Wielkimi krokami zbliża się pierwszy z ardeńskich klasyków Amstel Gold Race.Jeszcze kilka lat tamu nie różnił się zbytnio od pozostałych dwóch części tryptyku lecz najpierw przesunięcie mety o 3 kilometry od Caubergu a od zeszłego roku całkowite przemeblowanie trasy sprawiło że piwny wyścig bardziej przypomina Flandrię bez bruku niż klasyk dla pucherów i dynamicznych górali.Być może nie będziemy świadkami takich fajerwerków jak przed rokiem lecz ciężko też się spodziewać sprintu większej grupy.Pretendenci do zwycięstwa będą musieli się wykazać zmysłem taktycznym i dużą mocą chodź wcale nie jest powiedziane że Amstel wygra najmocniejszy kolarz co różni ten wyścig od Walońskiej strzały.
Faworyci:
**** Sagan
*** Benoot,Gilbert,Kwiatkowski,Wellens,Van Avermaet
** Valverde,Alaphilippe,Teuns,Matthews,Albasini
*Nibali,Haas,Valgren,Gallopin,Costa,Izagirre,Colbrelli,Uran

Martina czyli teoretycznie pewniaka do miejsc w czołówce strzały i staruszki nawet nie uwzględniłem w faworytach ale to nikogo nie powinno dziwić.Piwny wyścig ma własną specyfikę i zawodnicy którzy staną w nim na podium mogą się w ogóle nie liczyć w kolejnych wyścigach a idąc w drugą stronę to będę bardzo zaskoczony jeżeli Teuns,Alaphilippe czy Bala skończą wyścig w top 3.

Nowa trasa daje więcej pola do popisu zawodnikom, którzy nie mają takiej petardy w nogach jak Gilbert czy Alaphilippe.

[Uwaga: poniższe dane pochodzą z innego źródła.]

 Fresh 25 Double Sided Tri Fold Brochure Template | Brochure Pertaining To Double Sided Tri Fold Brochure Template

Tu bym upatrywał szans Valverde. Zresztą, myślę, że to właśnie przebieg ubiegłorocznej edycji zachęcił kolarza z Murcji do powrotu na trasę w Limburgii.

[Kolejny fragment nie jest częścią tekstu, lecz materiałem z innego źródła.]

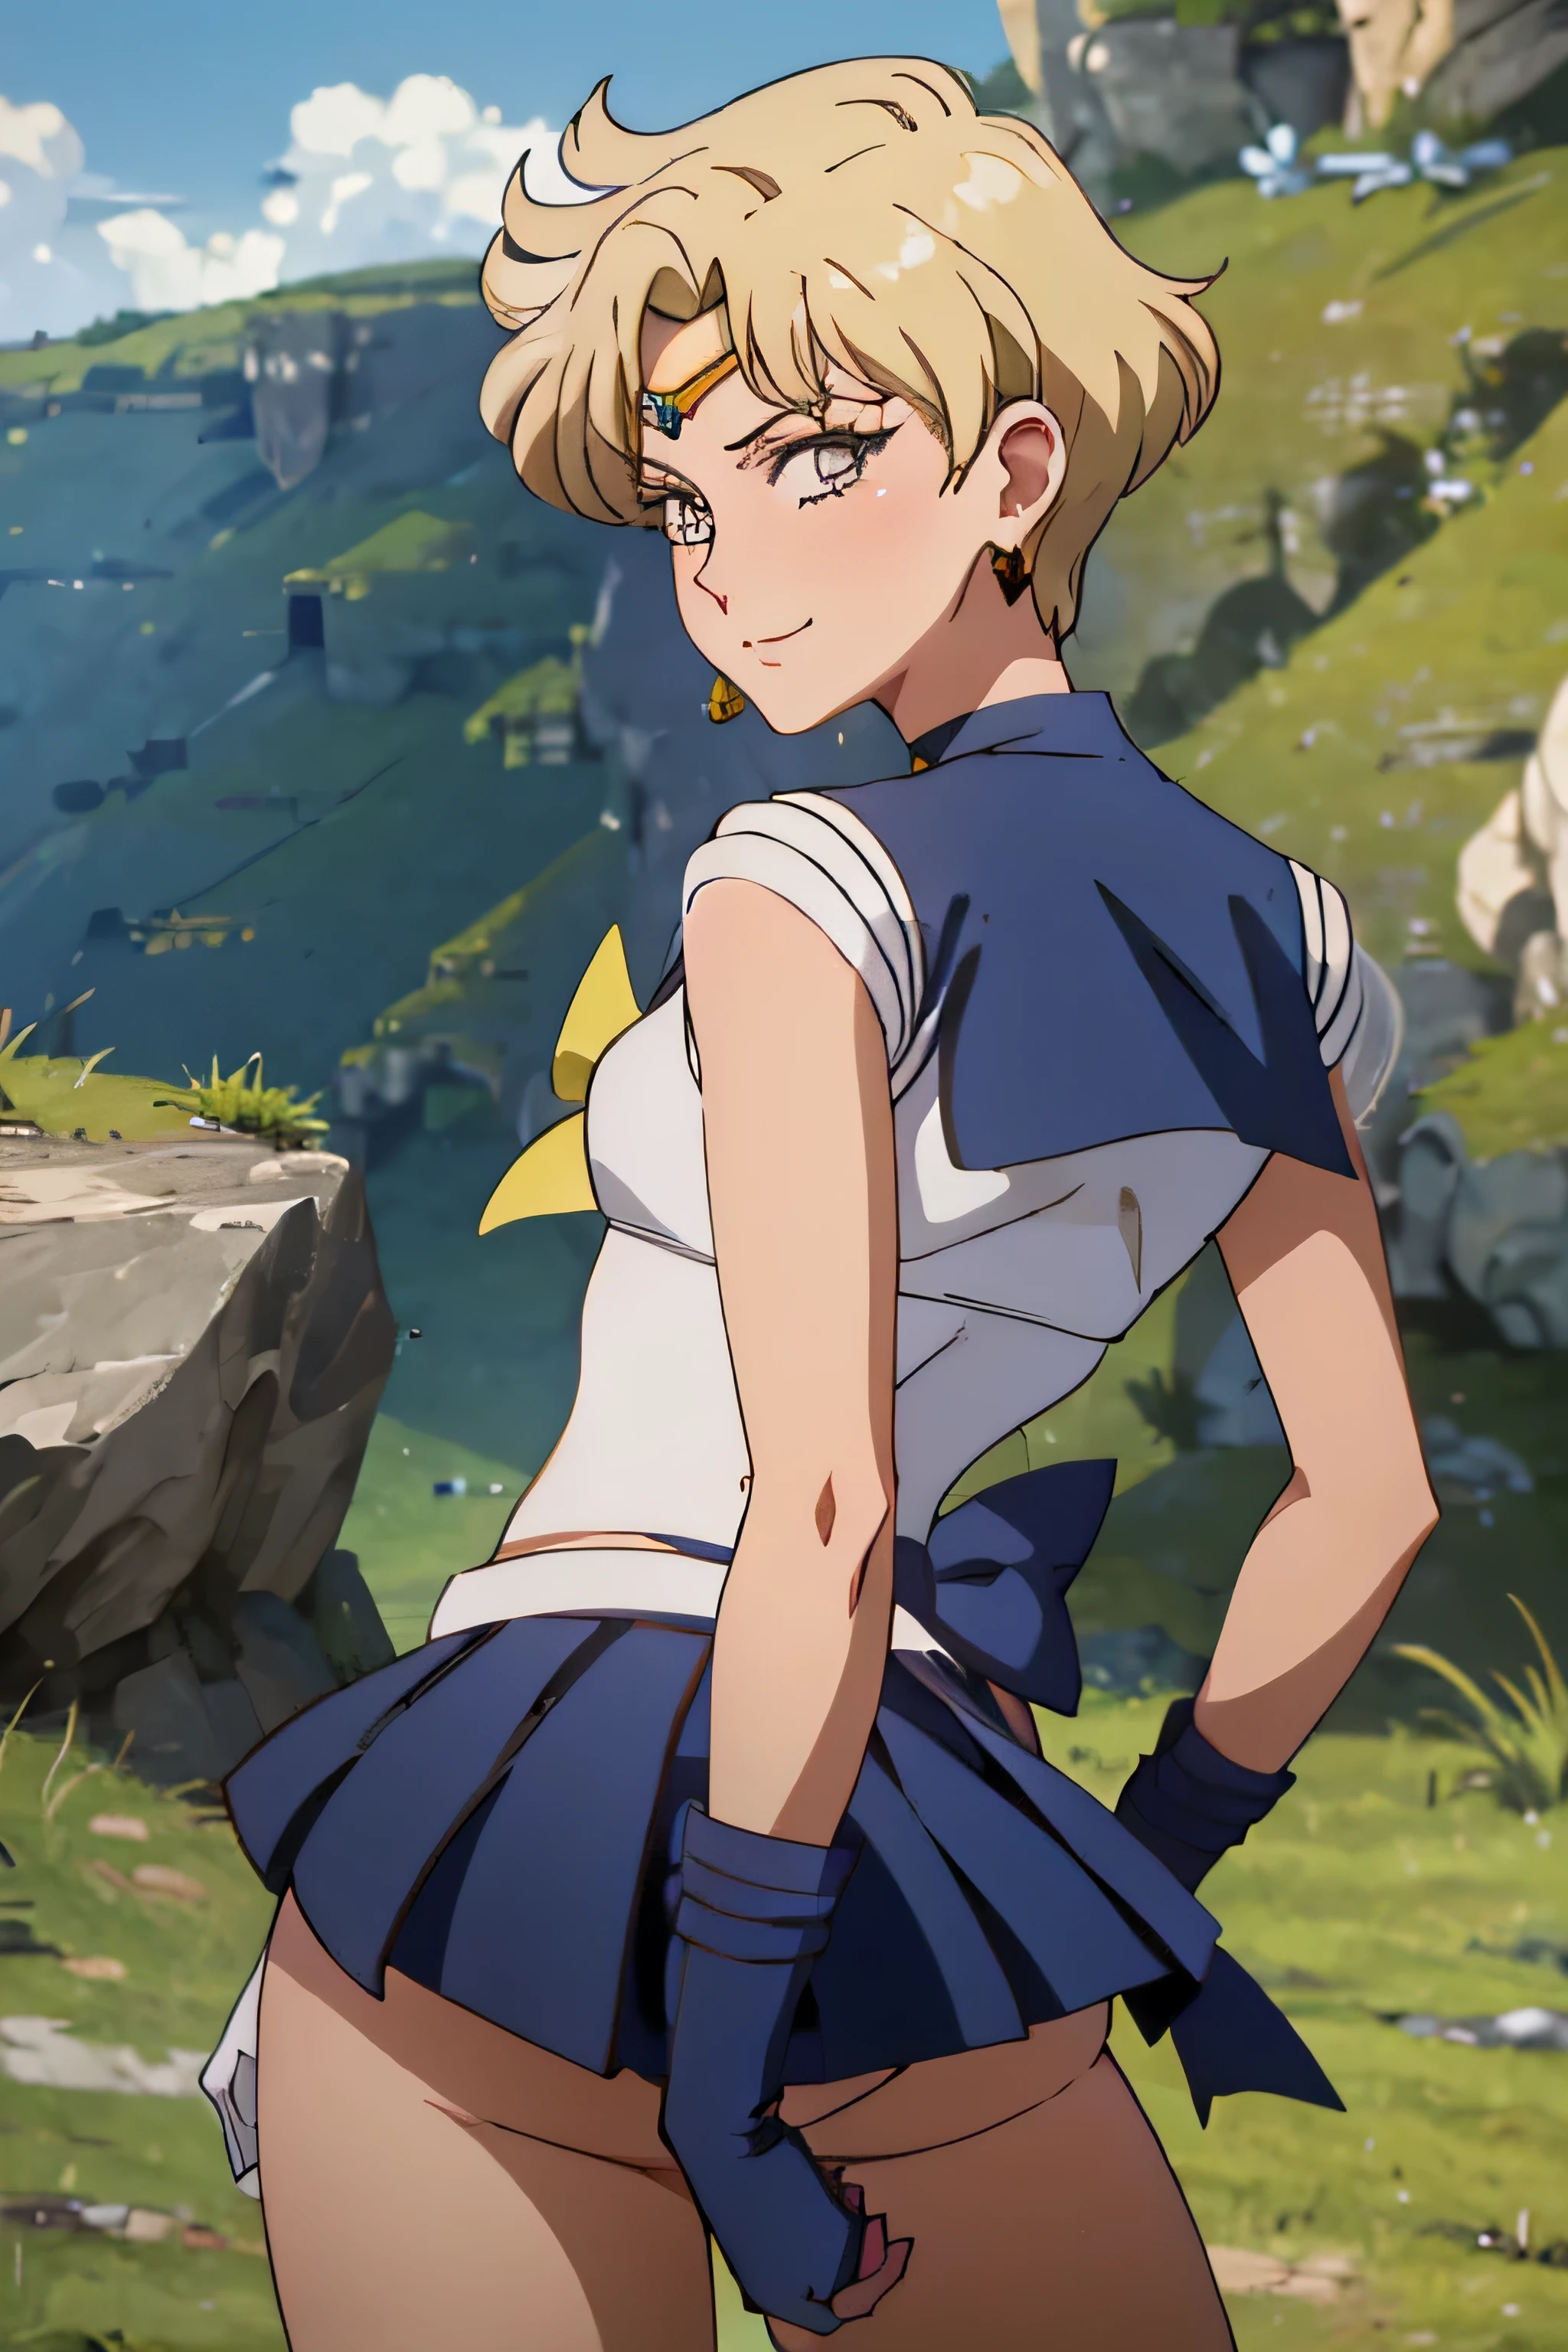 (The best quality:1.1), (Masterpiece:1.4), (absurdities:1.0), portrait, foreground,1girl, Sailor Uranus, KizukiAi, mature woman, small breasts, aqua eyes, blond hair, Uniforme Sailor Senshi, Sailor necklace, chest arch, Back arch, Supplicant skirt, White elbow gloves, big booty, Ultra miniskirt , jewely, earrings,, in back position, Show off your loot, Backwards, no thong big booty, Ultra miniskirt ( back posture, Backwards, Show off your loot) (POINT OF VIEW FROM BOTTOM TO UP) (Booty close up) ( They are smiling, naughty face) (no skirt)

Poniekąd potwierdza się to, o czym pisałem miesiąc temu, czyli że Sagan odpuścił OHN i KBK, żeby nie stracić świeżości do Roubaix i dociągnąć ze startami do AGR :wink:

Jedną gwiazdkę dałbym na wszelki wypadek Vanendertowi :wink:

Mi się Valverde od zawsze kojarzy z zawodnikiem który jeżeli nie musi atakować to tego nie robi.Oczywiście w mniejszych wyścigach czy to hiszpańskich czy Romie Maximie w 2014 roku widzieliśmy ruchy Bali z daleka ale jeżeli stawka jest większa a wyścigi bardziej prestiżowe to Hiszpan raczej jeździ statycznie.Albo mu wystarczy wygrać sprint z góralami albo odskoczyć na ściance ale żadnych ryzykowanych ruchów.Nie mówię że się nie będzie liczył w Amstel ale spodziewam się że Alejandro przegapi jakiś ważny odjazd i potem sobie odpuści ściganie czekając na Mur de Huy.Dla mnie mniejszym zaskoczeniem będzie zwycięstwo Valgrena niż Valverde.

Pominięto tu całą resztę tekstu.